DATA BELOW –

BEGIN

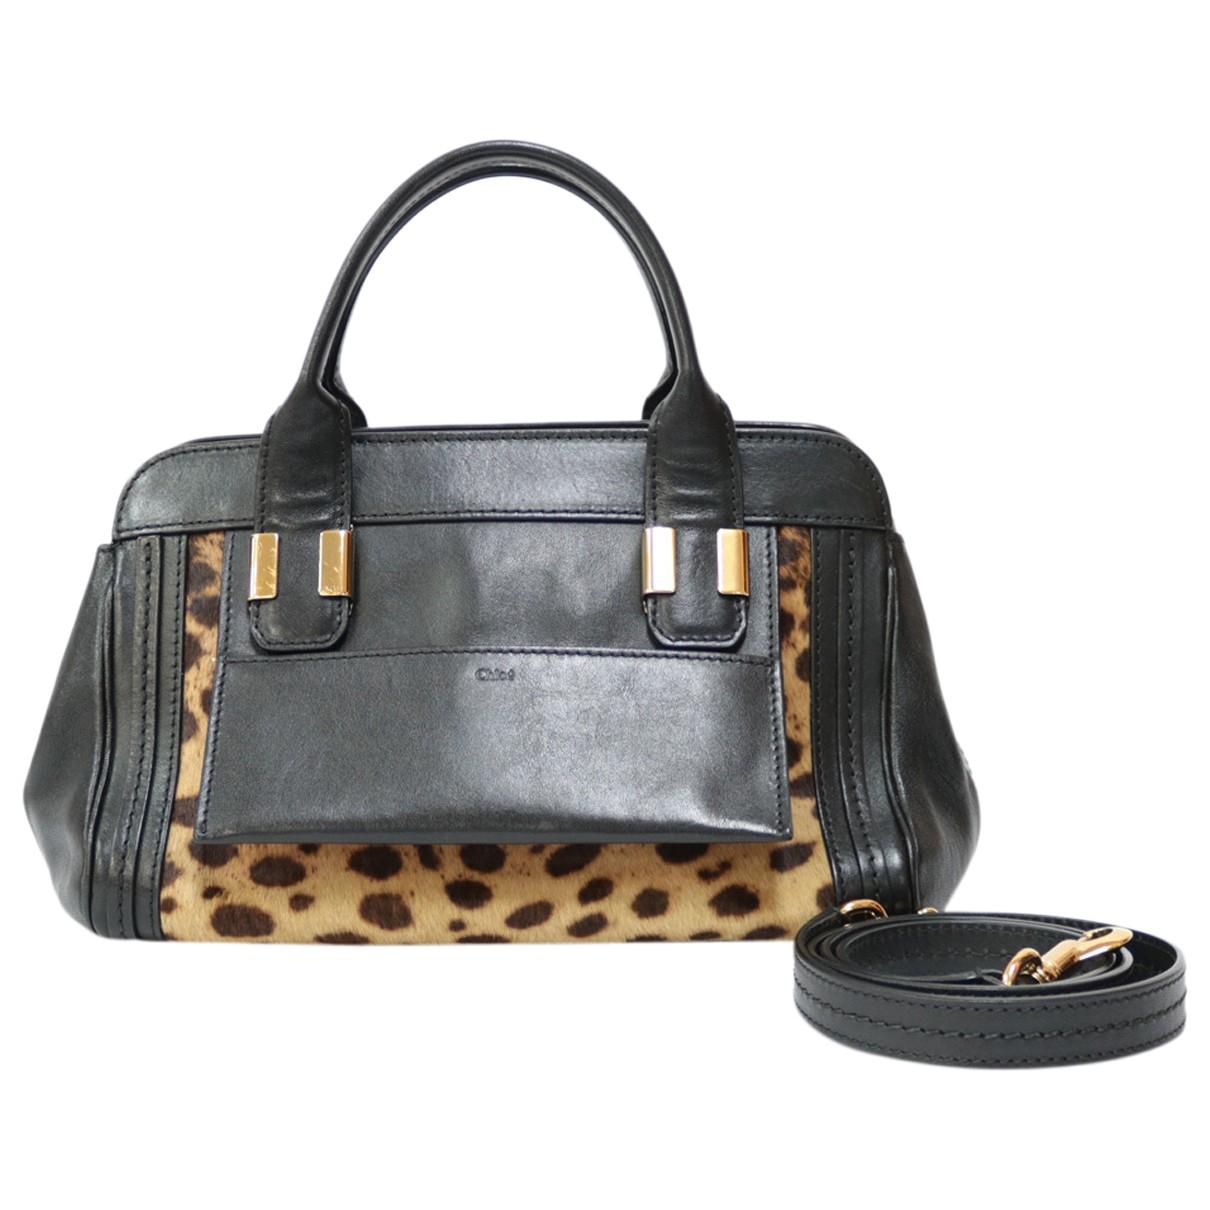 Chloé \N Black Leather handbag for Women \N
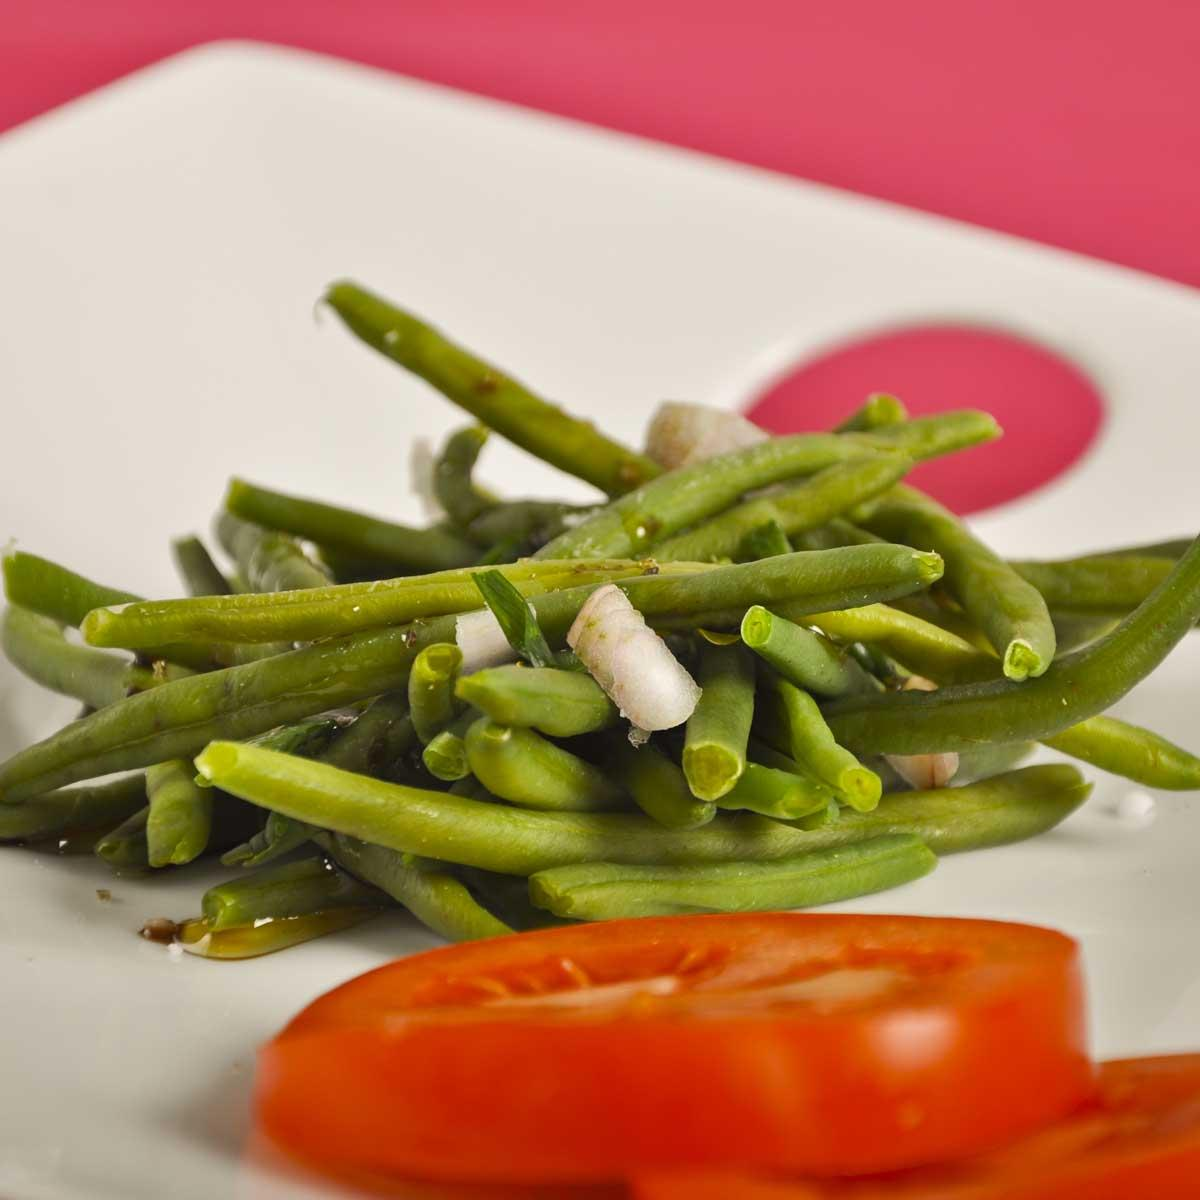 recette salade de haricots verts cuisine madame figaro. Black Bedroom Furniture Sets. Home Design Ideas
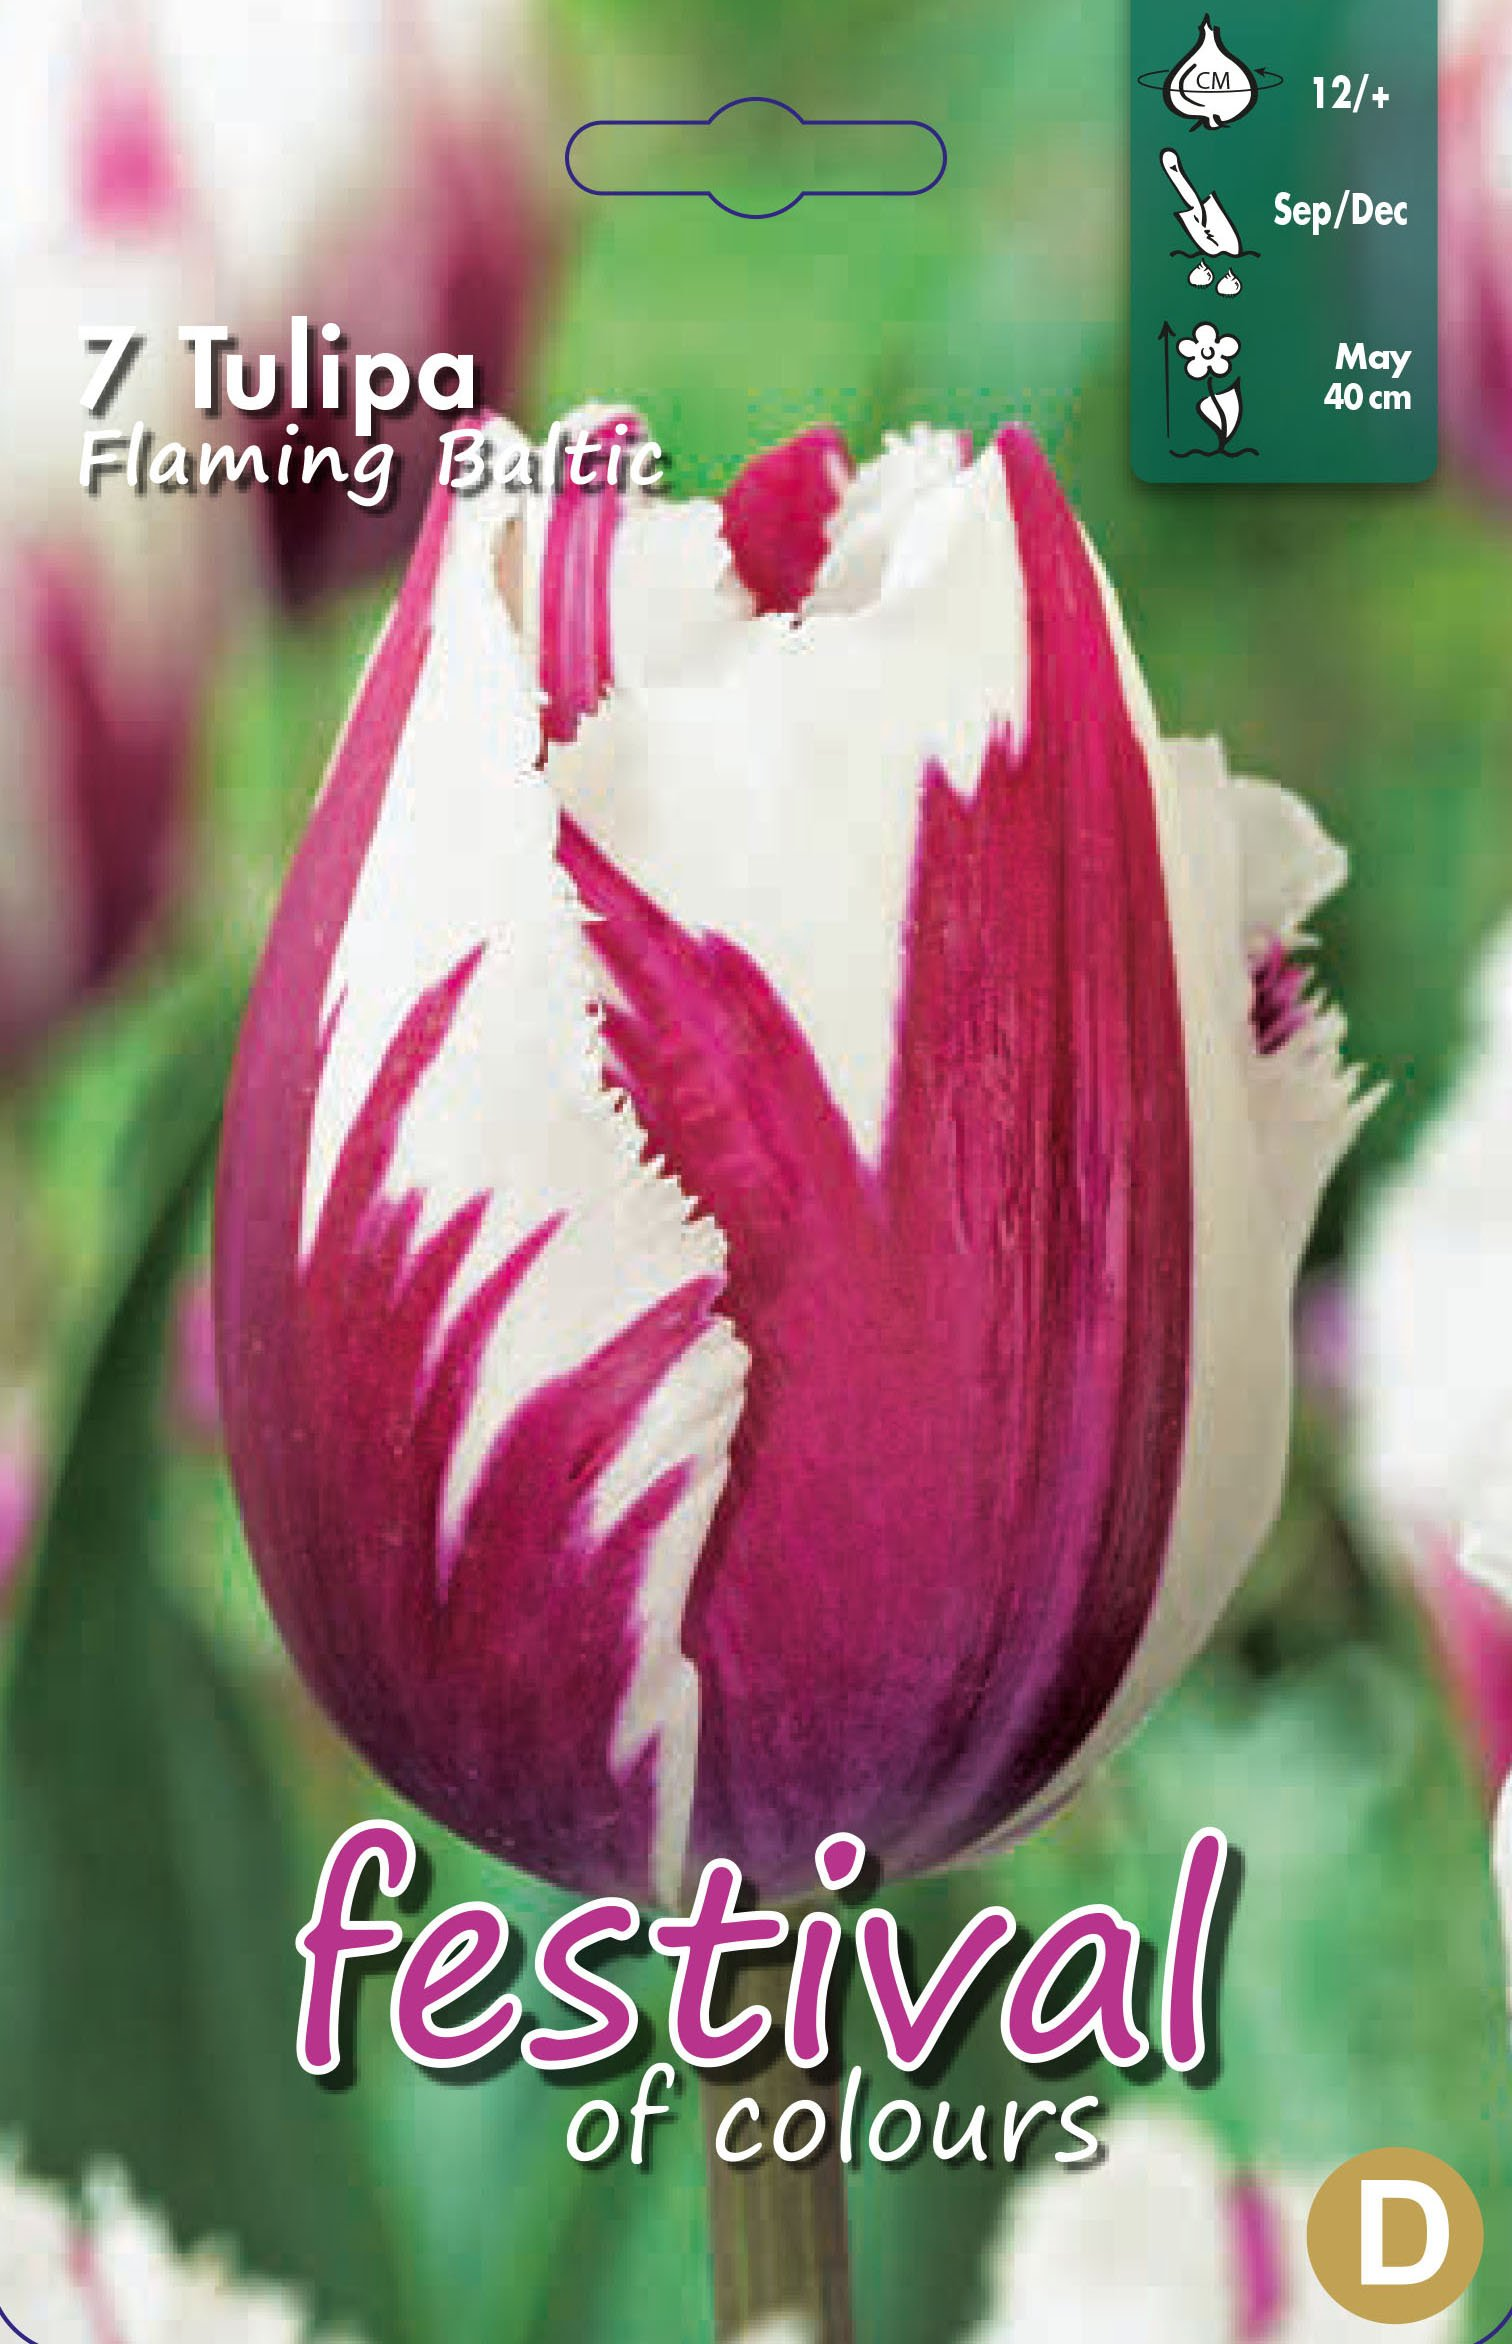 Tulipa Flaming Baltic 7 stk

END

PROBLEM DETAILS – If a line holds a picture, skip the picture and transcribe the rest of the material exactly.

ANSWER AREA –
 Chloé \N Black Leather handbag for Women \N
 recette salade de haricots verts cuisine madame figaro. Black Bedroom Furniture Sets. Home Design Ideas
 Tulipa Flaming Baltic 7 stk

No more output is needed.